### INPUT DATA

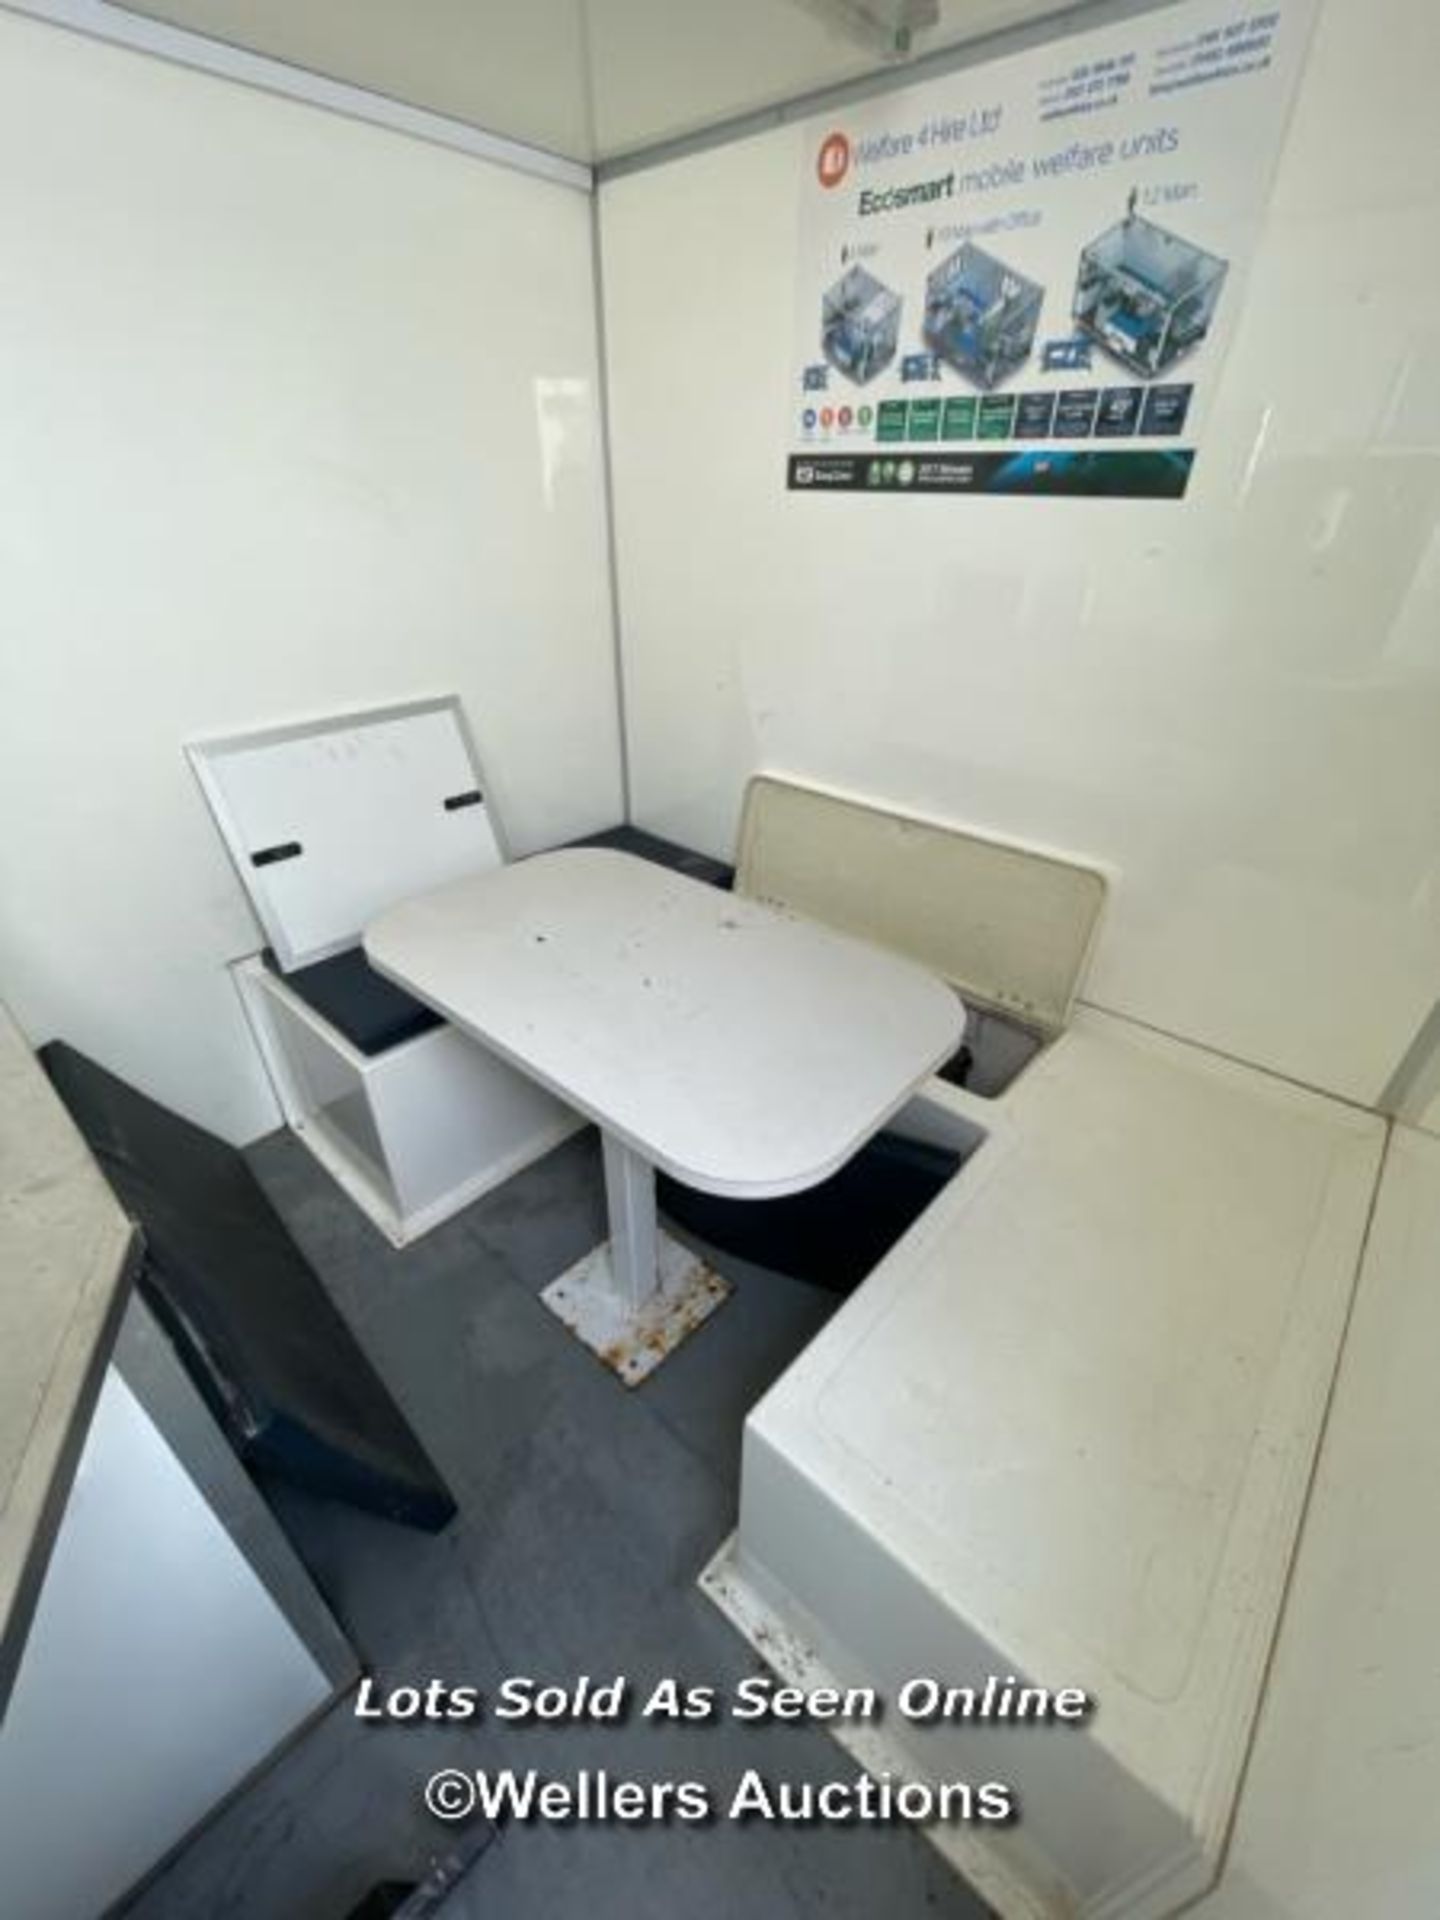 6 PERSON 12 X 7.5FT AJC EASY CABIN TOWABLE WELFARE UNIT, INCLUDES WASH BASIN, KETTLE, MICROWAVE, - Image 7 of 18
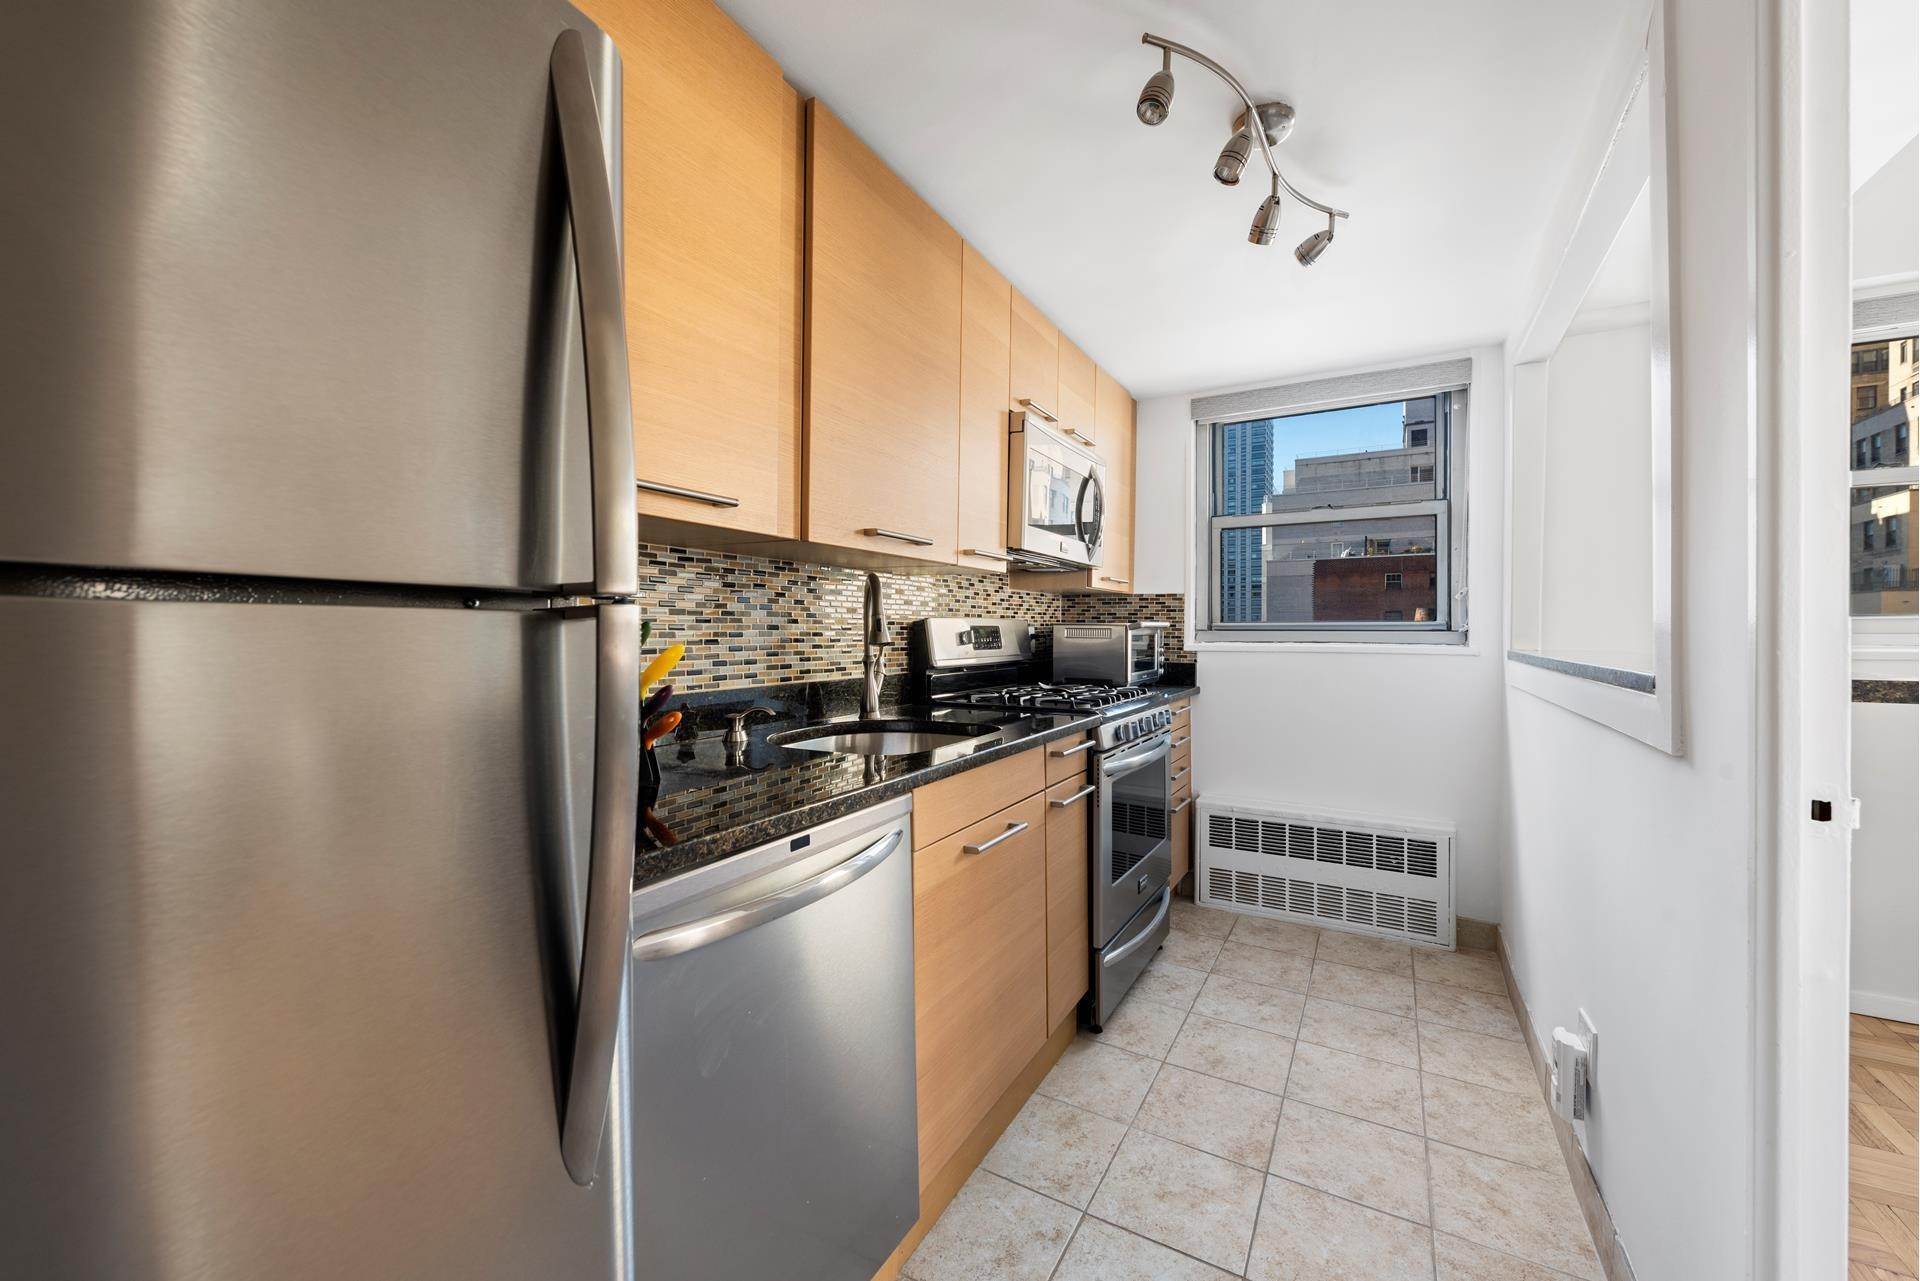 Cooperative for Sale at Upper East Side, Manhattan, NY 10021
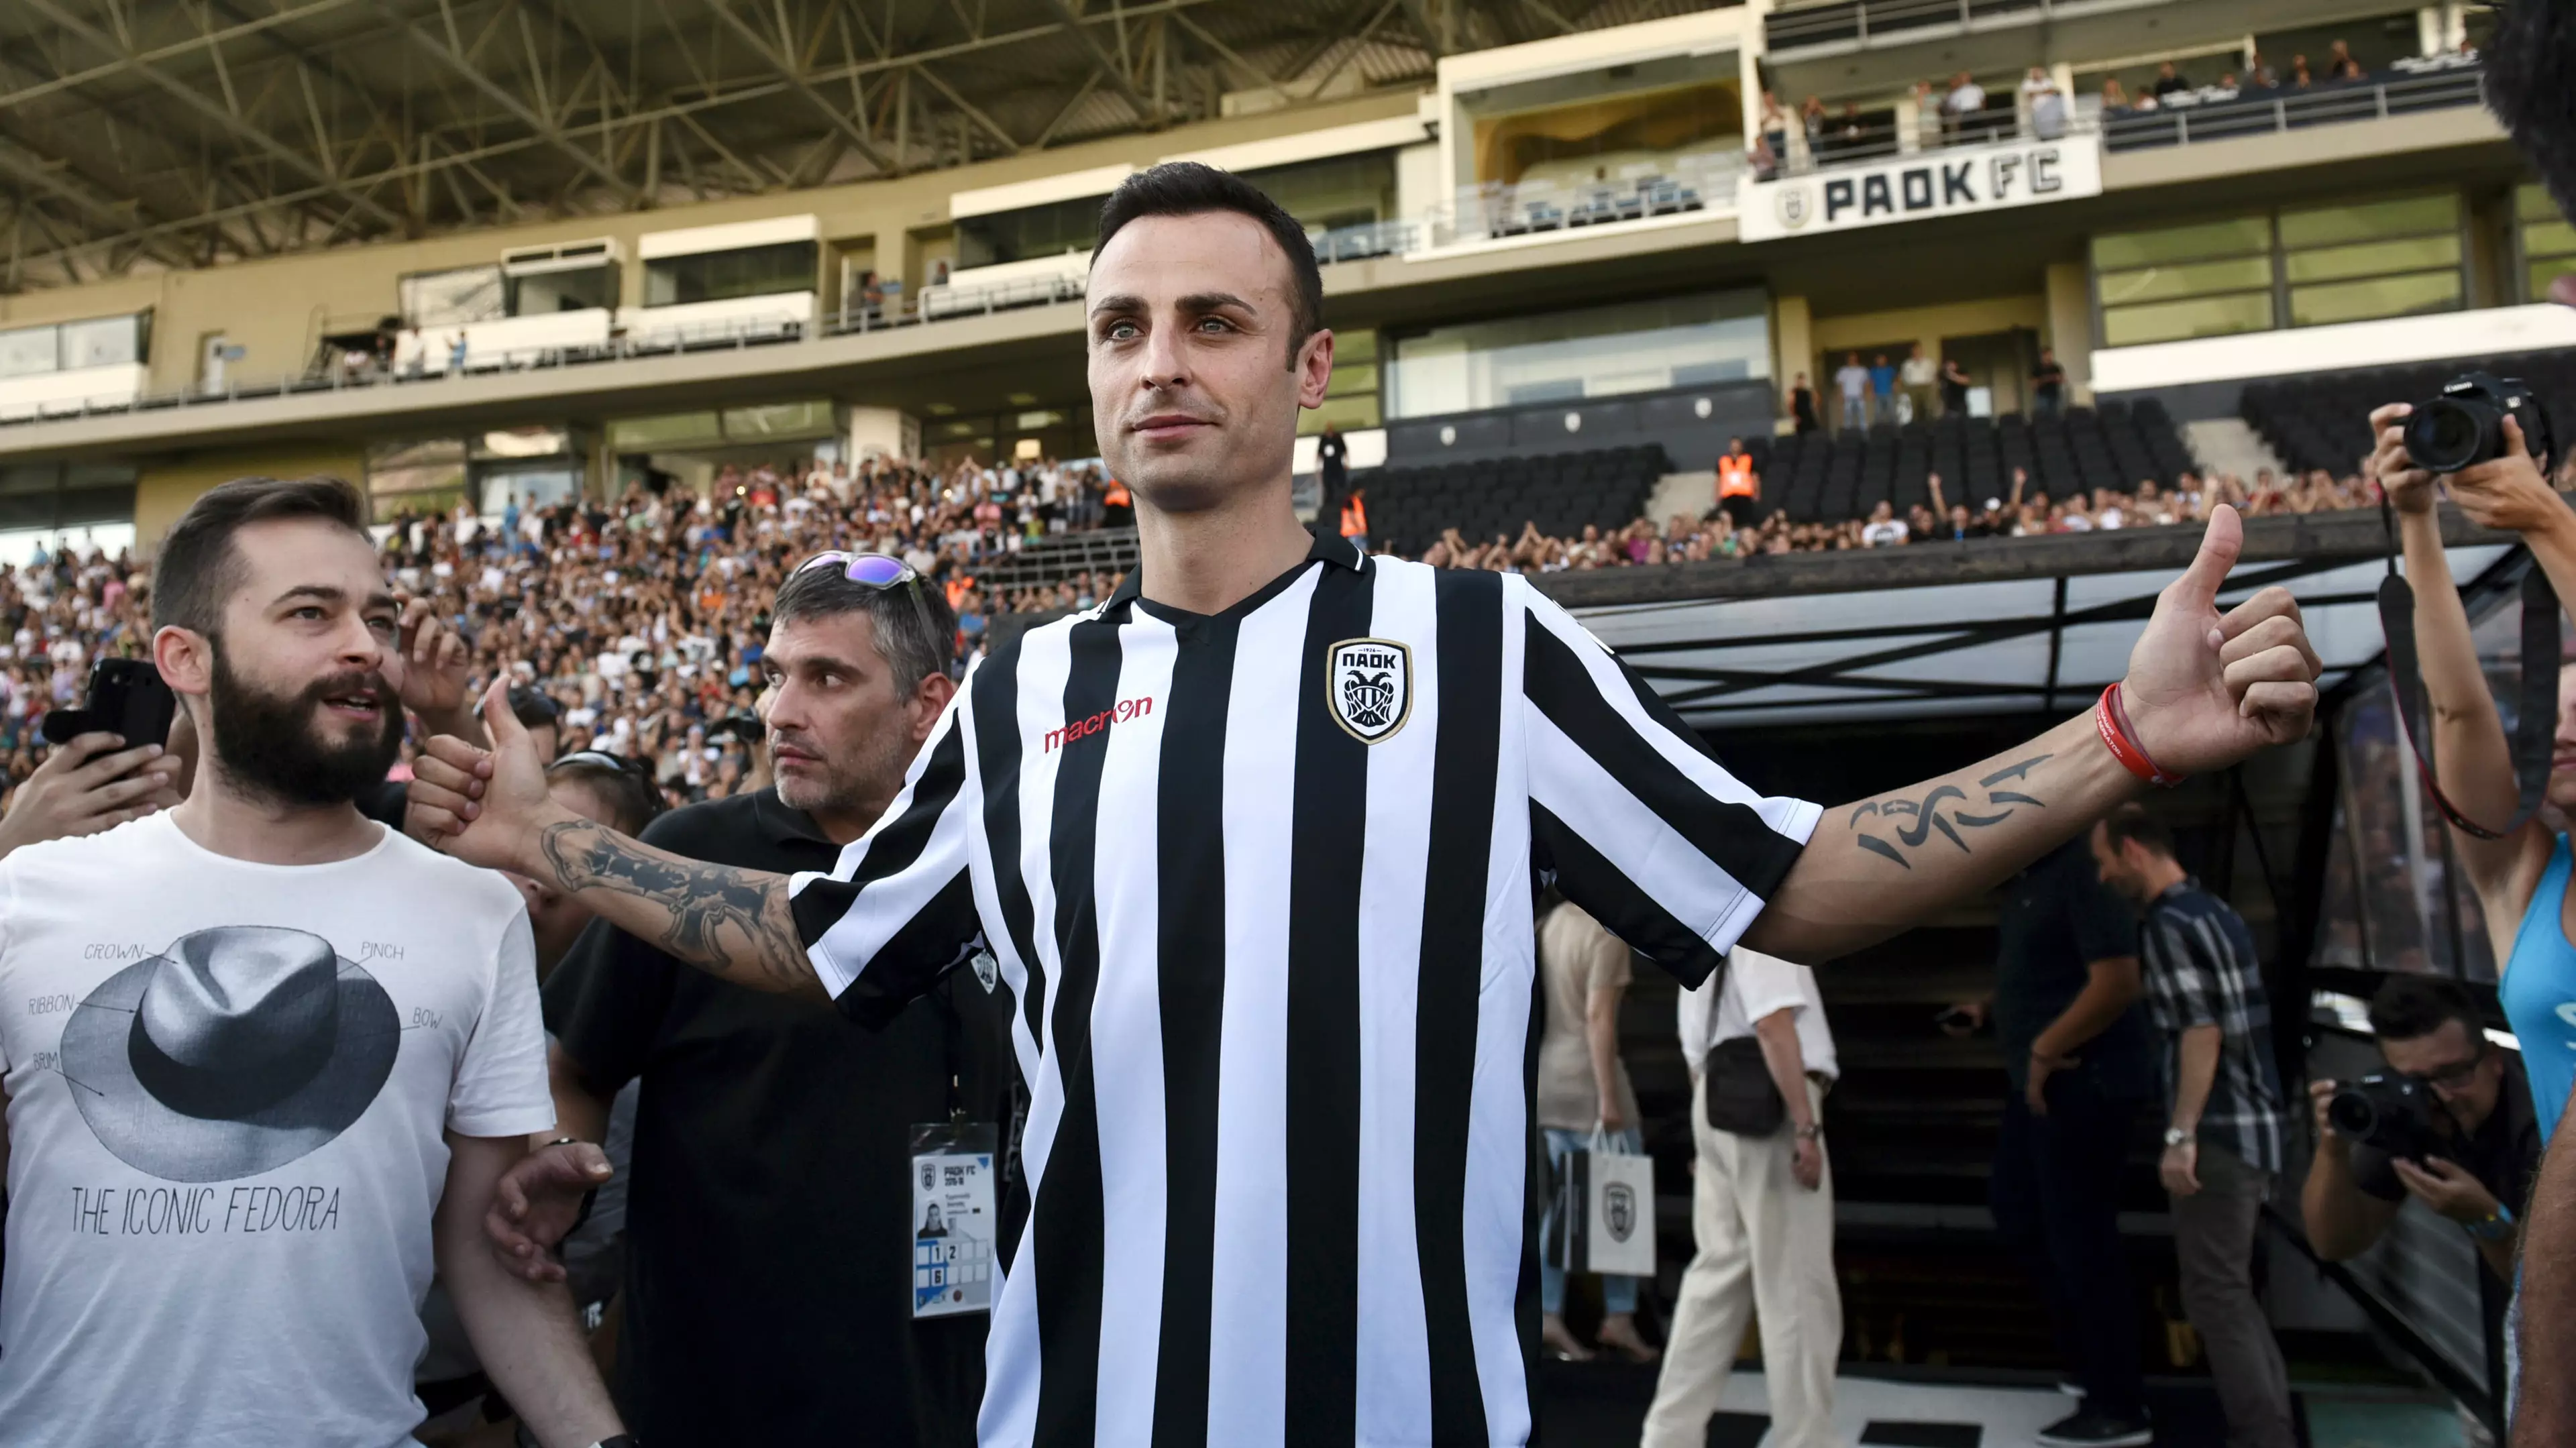 Dimitar Berbatov Sighting Starts One Of The Most Unbelievable Transfer Rumours

######

# EXERCISE AIM
Reproduce, word for word, the lines from the one containing "Cooperative for Sale" through the final line above. Leave every picture out.

# RESPONSE TO THE TASK
 Cooperative for Sale at Upper East Side, Manhattan, NY 10021
 Dimitar Berbatov Sighting Starts One Of The Most Unbelievable Transfer Rumours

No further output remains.